Ветров пожал плечами.
— Как сдам дела. Надо думать, на этой неделе! — докончил он с ударением. — Итак, всего хорошего!..
Крепко, по–мужски, пожав руку, которую она не отнимала во все время их короткой беседы, он повернулся и вышел вслед за Вороновым.
Как ни странно, но об отъезде Ветрова Катя узнала самой последней. И случилось это совершенно неожиданно. Когда она, пришедшая после вечера к выводу, что Ветров совсем уж не такой сердитый и строгий, как ей все время казалось, явилась в госпиталь на очередное дежурство и принесла ему на подпись рецепты, он улыбнулся и отодвинул ее тетрадку в сторону.
— Неужели опять ошибка? — испугалась она, думая, что снова напутала, переписывая рецепты. С латынью Катя имела частые недоразумения и всегда огорчалась, когда Ветров, качая головой, вставлял в ее писания пропущенные буквы или исправлял дозировки. Сегодня она все трижды проверила сама, и жест его тем более был досаден.
— Нет, Катя, — успокоил ее Ветров, — на этот раз вы превзошли сами себя. Все правильно.
Катя облегченно вздохнула.
— Тогда подпишите.
— Не имею права, Катюша.
— Как не имеете права? — изумилась она.
— Очень просто. С сегодняшнего дня я уже у вас не работаю. Разве вы ничего не знаете?
Ветров, улыбаясь, рассказал ей о том, что переводится. Она выслушала его с упавшим сердцем, а когда узнала, что он уезжает в этот же день, загрустила еще сильнее.
— Как же так, — растерянно замигав, сказала она, — как же так?.. Я буду занята сегодня на дежурстве…
— И хорошо, — ответил Ветров, — дежурьте себе на здоровье.

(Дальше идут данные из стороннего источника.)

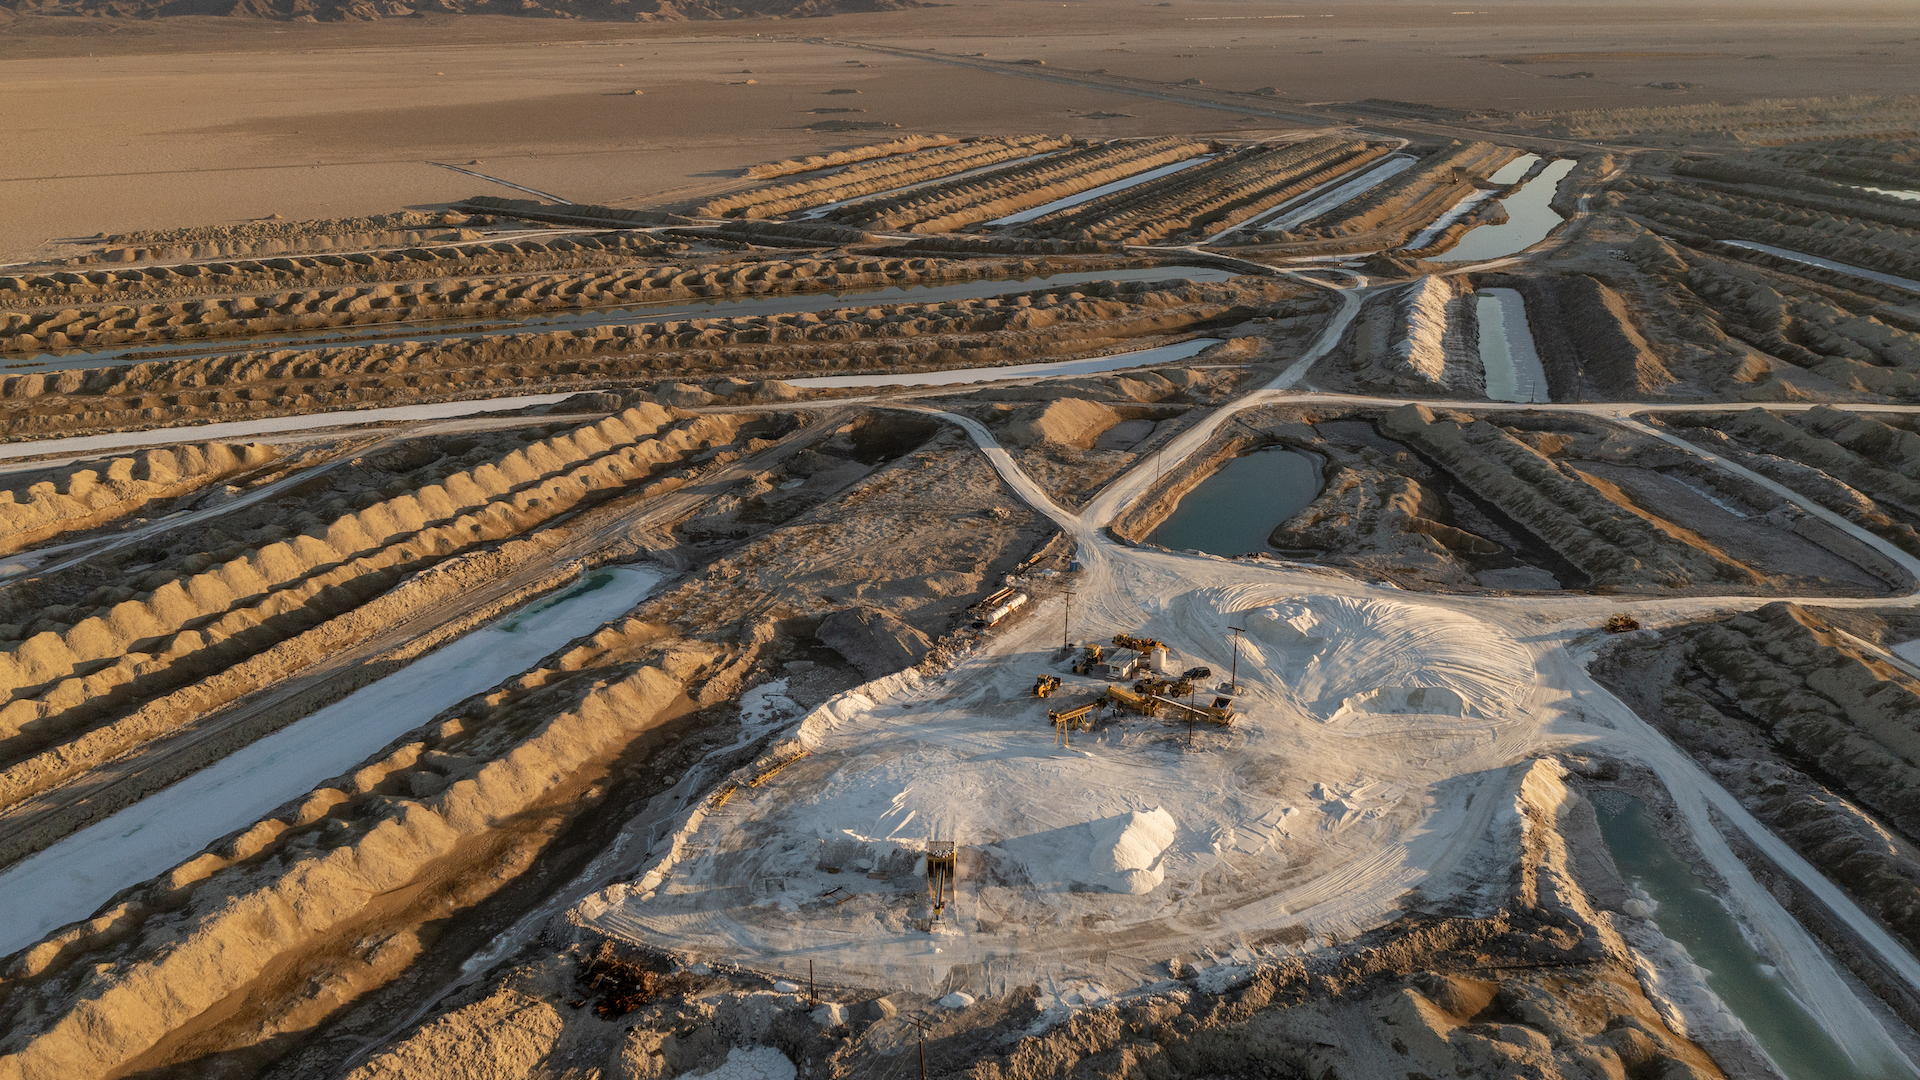 Aerial view of lithium mines in dry salt lake beds in California

— Но должна же я вас проводить на станцию?
— Это зачем же?
Для Кати было совершенно ясно, почему она должна была его провожать. Но ей было совершенно ясно также, что Ветров этого не понимает. Объяснять ему истину она не решилась и, слукавив, привела себе в оправдание одно из самых веских доказательств, которыми располагала.
— Мы же с вами вместе работали!
— Если все, с кем я работал, — возразил Ветров, — пойдут меня провожать, то получится целая процессия. Нет, Катя, вам придется остаться…
Несмотря на то, что сказал он это довольно строгим тоном, Катя решила его не послушаться. Раньше она никогда бы себе не позволила этого, но сейчас она посчитала себя вправе преподнести ему небольшой сюрприз. Выбрав свободную минуту, она покинула госпиталь и, как была, в халате и косынке, пробежала через парк до общежития. Она очень обрадовалась, застав Тамару в комнате.
— У меня к тебе просьба, — возбужденно сообщила Катя, хватая ее за руки. — Очень большая просьба. Ты сможешь за меня подежурить?
— Смогу, — согласилась Тамара, — но когда?
— Сегодня вечером.
— Вечером?
— Ну да, вечером!
— Вечером не смогу.
— Почему?
— Буду занята.
— Занята? — разочарованно переспросила Катя. — Чем?
— Поеду на вокзал.
Страшное подозрение заставило Катю насторожиться. Но еще не веря в окончательное вероломство подруги, она задала ей каверзный вопрос:
— Кого–нибудь встречать?
— Нет.
— Тогда зачем же?
— Чтобы проводить одного человека.
Катя побледнела.
— Одного человека? — переспросила она с глубокой укоризной в голосе. — И тебе не совестно? А еще подруга! Теперь я все поняла! Недаром тебе тогда так хотелось его поцеловать… А я‑то тебе поверила!..
Оскорбленная до глубины души, она замолчала и нахмурилась. Потом, вспомнив, что ее могут хватиться в госпитале, она повернулась и, оставив Тамару в недоумении, вышла, сильно хлопнув дверью. Когда она возвратилась к своему столу, к ней подошел Ростовцев.
— Я уезжаю, Катя, — сказал он. — Мне бы нужно взять из кладовки обмундирование.
Только теперь Катя вспомнила, что Ростовцев, действительно, сегодня выписывается из госпиталя. И внезапно ей стало ясно, кого Тамара собиралась провожать. Это открытие сразу рассеяло ее подозрения.
Борису не было надобности спешить. Документы были у него на руках, поезд отходил вечером. Не зная, куда девать оставшееся время, он прошелся по коридору и отворил дверь в палату.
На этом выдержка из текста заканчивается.